First here are the notes regarding dimensional reduction (used ubiquitously in data analysis), clarifying a bit the part towards the end, and updated to include as well the Shannon information and decision tree material.
The audio synced to slides I mentioned is here (for brief overall flavor check the roughly two minutes from 37:15-39:15).
These are the readings for next Fri, please read in advance and come prepared to discuss:

Chi (2002)
Loukides (2010)
Boyd/Crawford (2011)
- typical big data news (3 Apr): mobile ads and hardware
- Anderson (2008) 'The end of Theory'
Few (2013)
- Hearst (2008)

Meeting 9 (5 Apr 13)

In lecture we continued the notes regarding the Shannon information, mutual information and decision tree material.
We started the discussion of the above readings, and will continue that discussion in the beginning next time (so please have another look over them).
Preliminary notes for assignment 6

Meeting 10 (12 Apr 13)

Here are the slides about mutual information for finding informative terms,
and here are some of the links discussed:

Maps of Computer Science
"hot new field" of data science (venn diagram)
some of the backlash anticipated by the Boyd/Crawford article:
- data skepticism (and dangerous k-means)
- don't forget intuition
- risks of data science
nytimes re use of zipcodes
It knows (Googlisation of everything, etc)
shodan (expose on-line devices)
Some older articles about tracking open bluetooth devices: Brief encounter networks (2007), The privacy implications of Bluetooth (2008)
How To Break Anonymity of the Netflix Prize Dataset (2006), De-anonymizing Social Networks (2009), Link Prediction by De-anonymization (2011)

Meeting 11 (19 Apr 13)

Some links to things discussed in class:

slate obesity map
For the discussion of weblog data: "From Cookies to Cooks: Insights on Dietary Patterns via Analysis of Web Usage Logs", 1304.3742
As entry point to the social network discussion (and recalls an earlier assignment): "Friendship Paradox Redux: Your Friends Are More Interesting Than You", 1304.3480
and mentioned briefly some local articles that appeared this week: 1304.4837 Ego nets for recommendation (Cosley et al), 1304.4602 discussion threads (Lee, Kleinberg et al)

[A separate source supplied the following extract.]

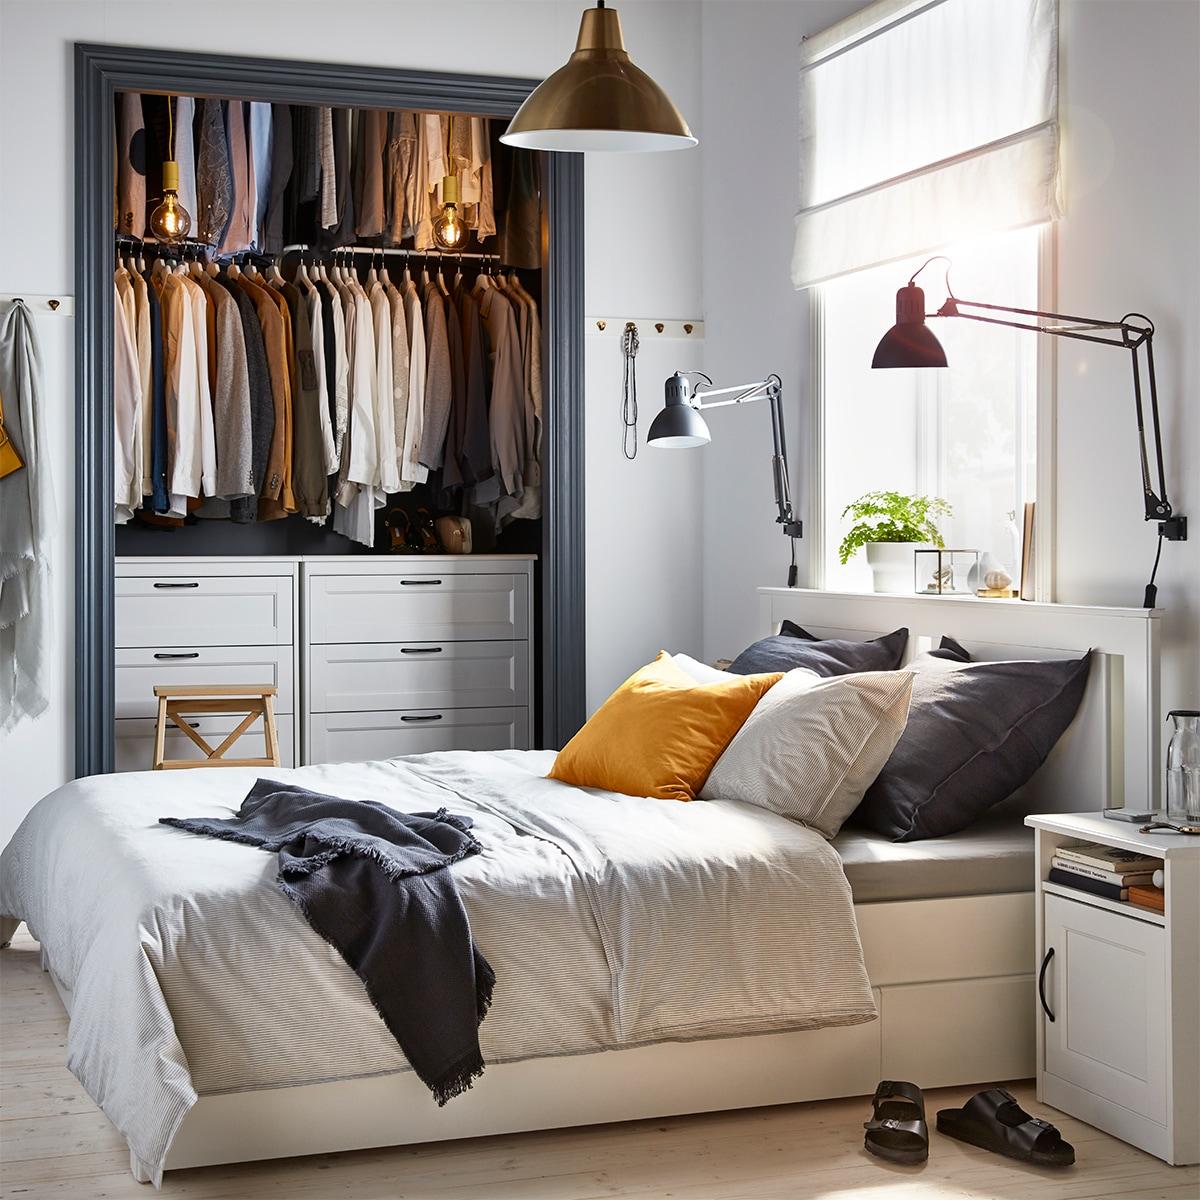 Full Size of Einrichtungsideen Inspirationen Schlafzimmer Ikea Schweiz Bett Mit Bettkasten 180x200 Schwarz Modulküche Küche Kosten Schubladen Sofa Schlaffunktion Kaufen Wohnzimmer Schrankbett 180x200 Ikea

A couple of notebooks used in class:

code for US map, and
notes on regexps, unix_time, and networkx.

Here are some notes for assignment 7

Meeting 12 (26 Apr 13)

Mentioned 30 Apr colloquium on Data Privacy (by author of Netflix de-anonymization articles mentioned two weeks ago).
In context of assignment 7, discussed Christopher Lee.
For python stylistic issues, gave overview of What Makes Code Hard to Understand?

Here is the notebook on recommender systems, using del.icio.us and movielens data (adapted from Chpt2 of Programming Collective Intelligence)

Meeting 13 (3 May 13)

After presentations from Andy, Stephanie, and Saeed, I went over the node and link betweenness algorithms following pp.78-82 of E/K Chpt.3, then inserted same graph in this notebook, and described using networkx to navigate the movie actor network.

(I will also schedule open meetings at 301 college ave so that I can see the rest of the projects, and other students will be welcome to sit in.)